At 21:01 2/7/98, Jeff Smith wrote:
>Hello!
>
>At 20:22 98-07-02 +0100, Raymond A. Brown wrote:
>>modern Breton & Welsh, & 'RomanoBritish' dies.   I.e. the Celtic language
>>must've continued to be widely used in Britain and trade & other contacts
>>between Britain & north Gaul could well have kept Celtic habits alive in
>>this area longer than would otherwise have been the case.
>        Yes, this is another interesting thought, which we can legitimately
>believe. But some complications: we must not forget that many northern and
>eastern dialects did actually never had [gw]-, and kept the [w]- (which is
>preserved in Belgium names of places, for instance, like Wallon (correct
>english word?). And this is where germanic invasions, and consequently
>influences, were the strongest...

....and eastern certainly is where any Brittonic influence would be weakest
(or non existent).

>
>>that the diphthongization of [e:] --> [ei] (rather like souther Brit.
>>English as opposed to northern dialects, Scots & Welsh English where [e:]
>>is still preserved) was already a feature of colloquial, 'uneducated'
>>northern Gaulish & British pronunciation of Latin in the Roman period.
>        Well, whatever really happened will have to do with colloquial
>language,
>obviously. I'd be interested to know however if I am not wrong thinking
>that roman colons, soliders (who were often not so roman)

....depends what you mean by Roman ;-)
The Roman habit of granting citizenship to leading members of local
communities & of conferring full citizenship on the children of freed
slaves meant that Romans became a pretty mixed bunch.

Certainly the retired soldiers who were settled with a grant of land in
different parts of the empire - the 'coloni' you refer to - were
instrumental in spreading Vulgar Latin.  Especially as they often took
native wives (or rather legalized pre-existing relations after retirement,
since legionaries were not allowed to marry) the only common language in
these communities would be some form of Latin.  Trade also was a great
impetus to the spread of Latin; if native Gauls wanted to make a quick buck
from soldiers stationed in the area, a knowledge of Latin gave a distinct
edge over rivals without it.

>and all others
>who settled in roman Gaul ended up as forming a greater population than the
>native celtic populations.
>        Oh, and I guess that "uneducated" can be well applied to anybody,
>as the
>years of of whomever invasions (as there weren't only germanic people)
>after 400AC were rather such (at least in the north), hence the cultural
>and artistic renewal under Charlemagne; there are reports of funny stories
>where priests themselves weren't understanding a single word of the Latin
>they had to use in masses, and just trying to have it all by memory they
>ended up saying funnily incoherent things. I have some examples somewhere
>in my all-too messy notes. I might have a look at them again, for fun.

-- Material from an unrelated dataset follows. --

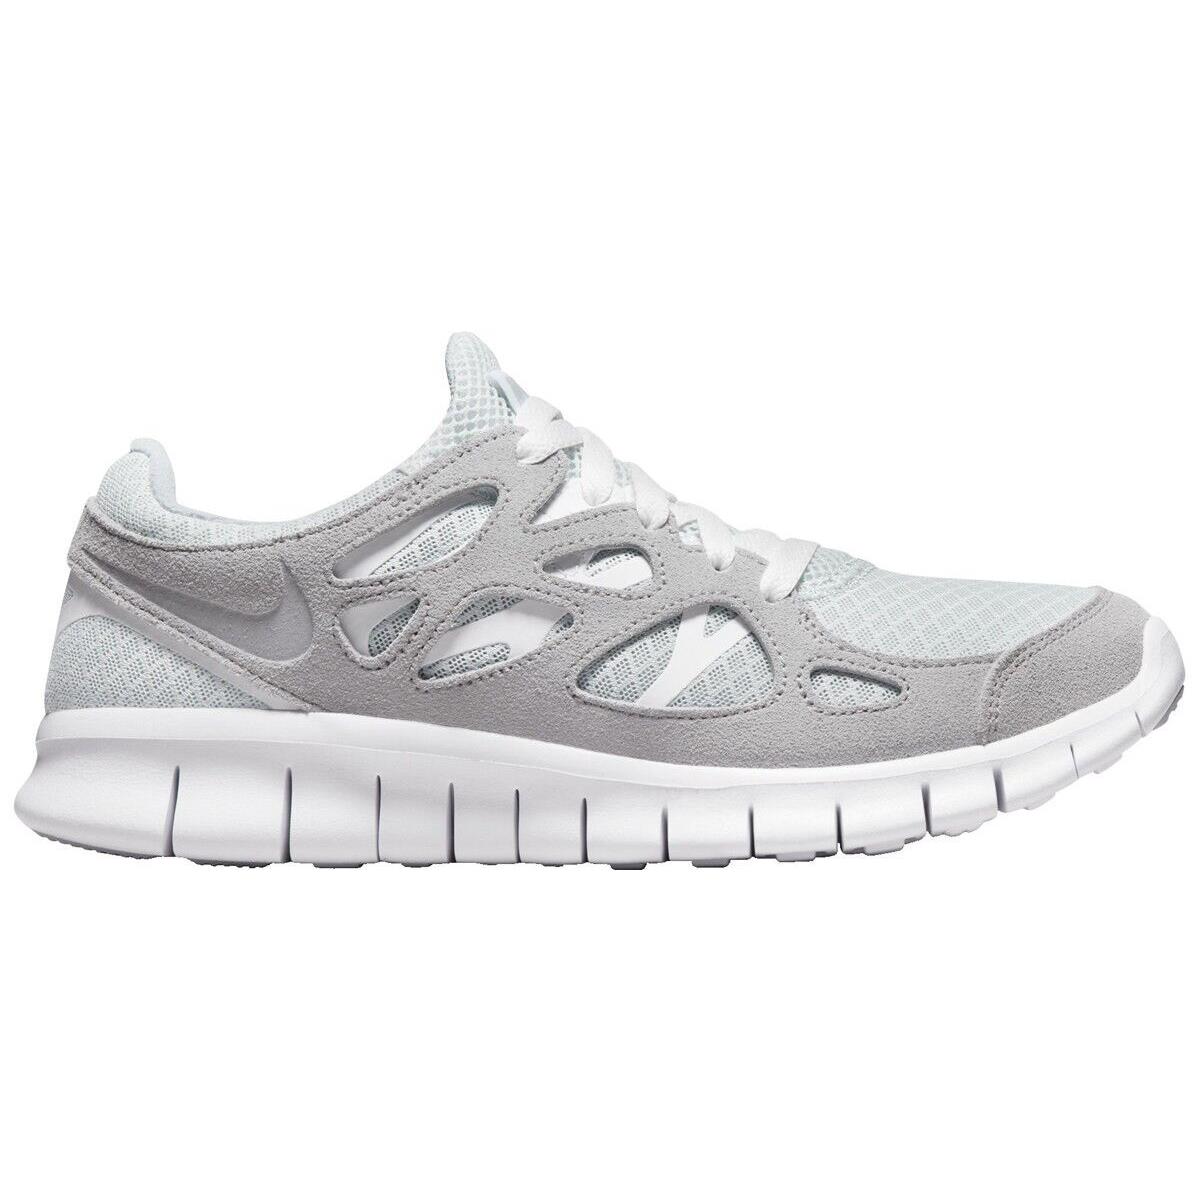 Nike Women`s Free Run 2 Shoes Size US 9.5 M White / Summit White - White

Yep - must've happen. Tho I suspect some of the stories spread around were
also apocryphal.

>
>>Brittonic in the (late) Roman period.  Of course, one cannot be certain.
>>Again the parallel changes could be co-incidental. But there comes a point
>>at which one asks how many co-incidences do you need before postulating
>>connexions?
>        Well, co-incidences in themselves are not "found", but "made", if I may
>say so. And they make the matters quite delicate, sorrily.

It depends, it seems to me, on the actual number.  If they are so many,
e.g. the 'co-incidences' between Latin, Classical Greek and Sanskrit, that
only the obstinate will refuse to acknowledge them, then we do have
connexions to account for.   If they are few, e.g. the "co-incidence" of
modern Greek 'mati' (eye) and Malay 'mata', then only a raving idiot would
seriously postulate a connexion.    Between these two extremes, we have
more troublesome areas; we have to decide towards which end, so to speak,
of this spectrum our noted 'co-incidences' tend.

>But first we
>must be sure whether we have real co-incidences here, for perhaps they are
>not at all. We would need to know when did the fronting occur in
>Gallo-roman, and when did it occur in british Celtic. And also if the
>contacts between the two cultures were important enough.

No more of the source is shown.